The Lone Ranger and Tonto ride again, and it's a beautiful mess
I will admit up front that I absolutely love Westerns. As a kid, I used to watch Shane from time to time and I always thought highly of it, even though in those days I wished it had more action. The movie that really got me started on oaters though was The Cowboys, an old John Wayne classic that has sadly been largely forgotten. I became a Western junky after watching that movie, and I still haven't entirely let it go.
I wasn't planning on seeing The Lone Ranger for several reasons. For one, I have zero familiarity with the original show or characters; they meant nothing to me, despite my fondness for Westerns, and all I knew was that they had a slight whiff of '50s cheesiness about them. Also, the trailer for this movie was genuinely awful. It looked like a heavy handed, joyless train wreck (literally - lots of crashing trains in this movie).
Fortunately, I am lucky enough to be romantically involved with an exceptionally intelligent, interesting and beautiful young woman whose movie tastes overlap with my own but occasionally differ. This means that I end up seeing movies I would resist watching if left to my own devices. Last night, the young lady dragged yours truly to The Lone Ranger, and I am glad I saw it.
For starters, let me admit that this movie is a mess. A huge, huge mess in fact. Clocking in at 149 minutes and filmed partially in Monument Valley, one of the most breathtaking locations in which a movie can be shot, this is a movie that goes big. Very big. The budget seems to have been somewhere in the neighborhood of $250 million; I'm not surprised.
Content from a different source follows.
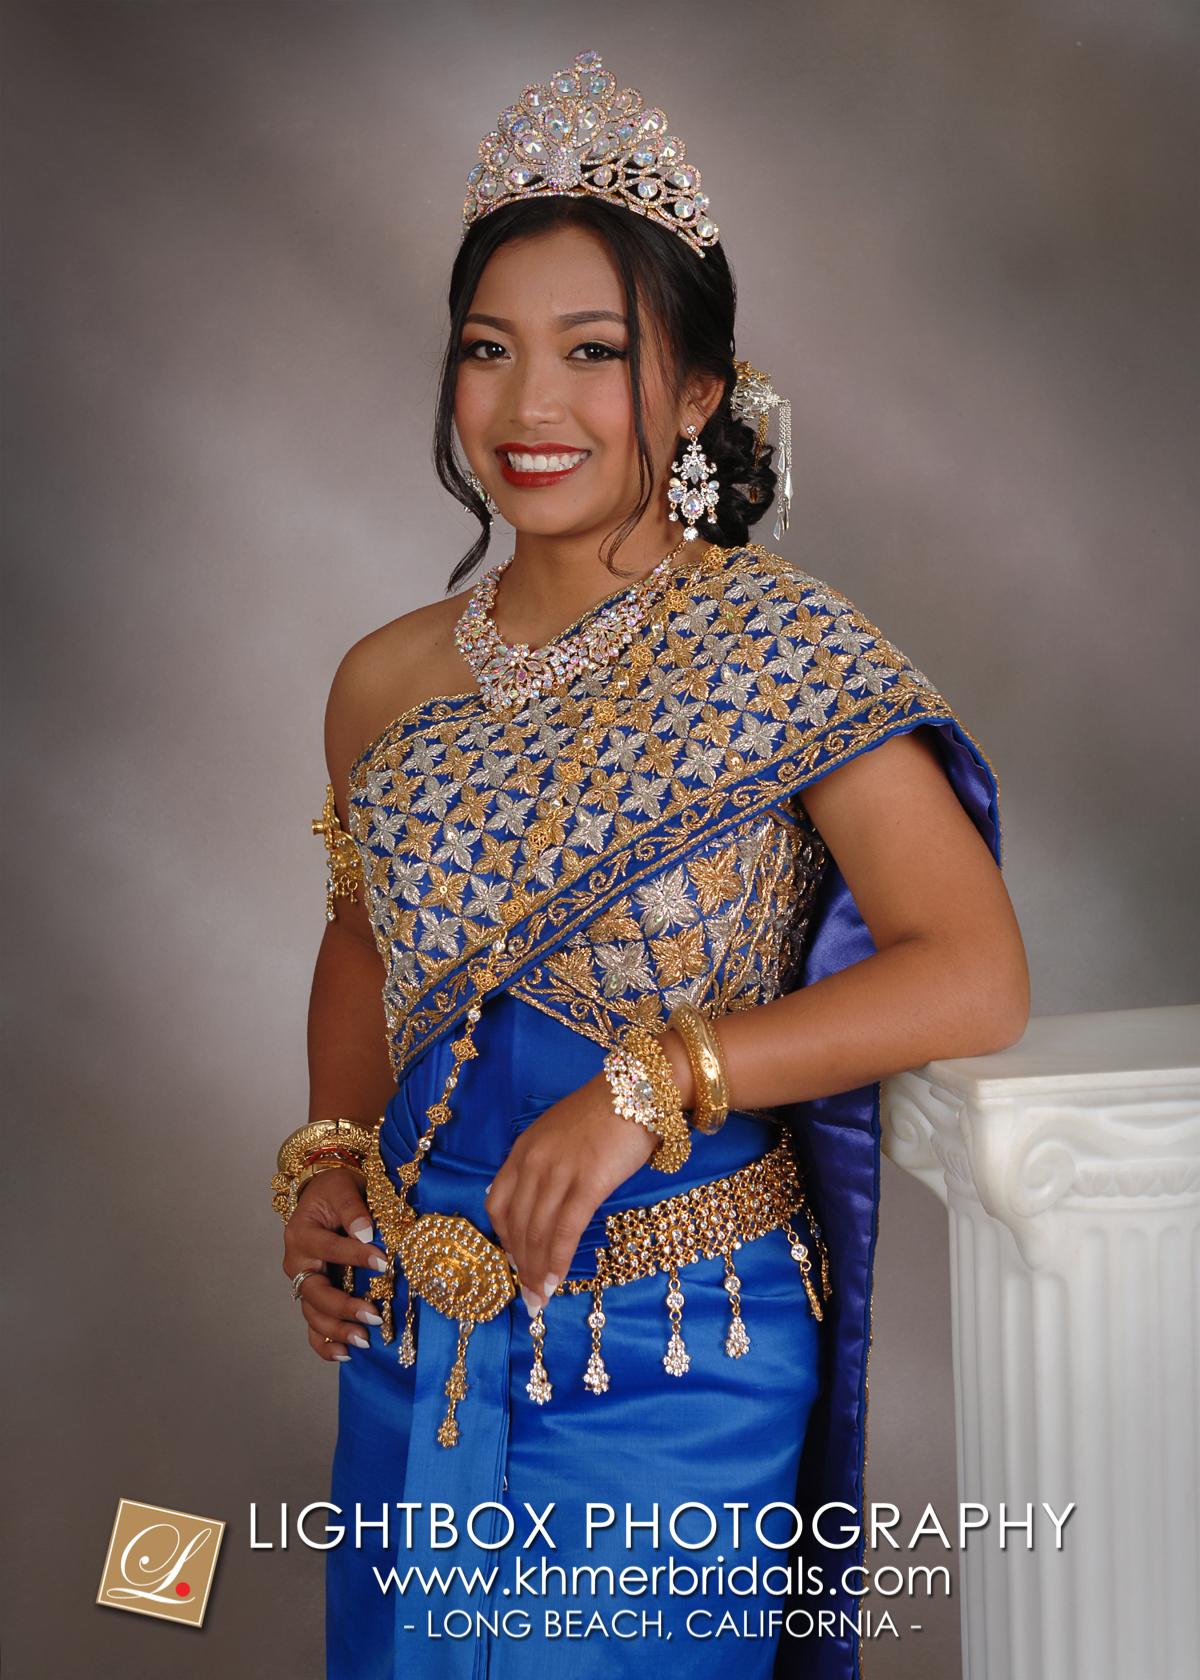 Apsara Khmer Bridal Wedding Photography and video-208.jpg

You can see they spent a lot of money making this picture, and spent it well. It's a beautiful movie.
But the plot is a mess, there are way, way too many themes and motifs crammed in, and there are long segments where the movie seems to wander aimlessly. Johnny Depp is great as the freakazoid Tonto, and Armie Hammer is solid as The Lone Ranger. The supporting cast is excellent, too: Tom Wilkinson shows up to play his usual slimy villain, William Fichtner is nearly unrecognizably creepy (and let's face it, dude's already creepy as hell on a good day) as a cannibalistically-inclined villain, Helena Bonham Carter shows up as the madame of a brothel, and look, there's Stephen Root sporting muttonchops.
The movie references a lot of different Westerns. It most directly parallels the great Once Upon a Time in the West, while other plot threads pay homage to The Searchers (which made better use of Monument Valley than any movie ever has), the 1939 Jesse James flick that starred Tyrone Power and Henry Fonda, and also pretty much every movie that ever involved Kevin Costner and a horse and a gun.
It's a shame that this movie has flopped so badly. It's not great, but it's fun and worth seeing, and it's too bad that it was dead on arrival. This pretty much means that the Western is now in permanent residence at Boot Hill, which is a shame. Westerns are part of our founding American mythology, and this is a Western that actually dares to subvert that mythology and raise uncomfortable questions about race and genocide. It seems a sad truism though that the cowboy has gone the way of the dodo, replaced first by GI grunts in WWII flicks and then by superheroes and now by various characters fighting the never-ending supply of zombies at the movies.
Still, the spirit of the West lives on. People talk about Die Hard contributing genetic material to pretty much every action movie made since its release. People forget that John McClane was an evolution of an earlier prototype: John Wayne. The times change and our heroes have gone from morally resolute and indomitable to troubled and flawed, but every time a hero or anti-hero takes a stand against great odds and refuses to give up, the ghosts of cowboys past ride again. Hi-ho, Silver, and away!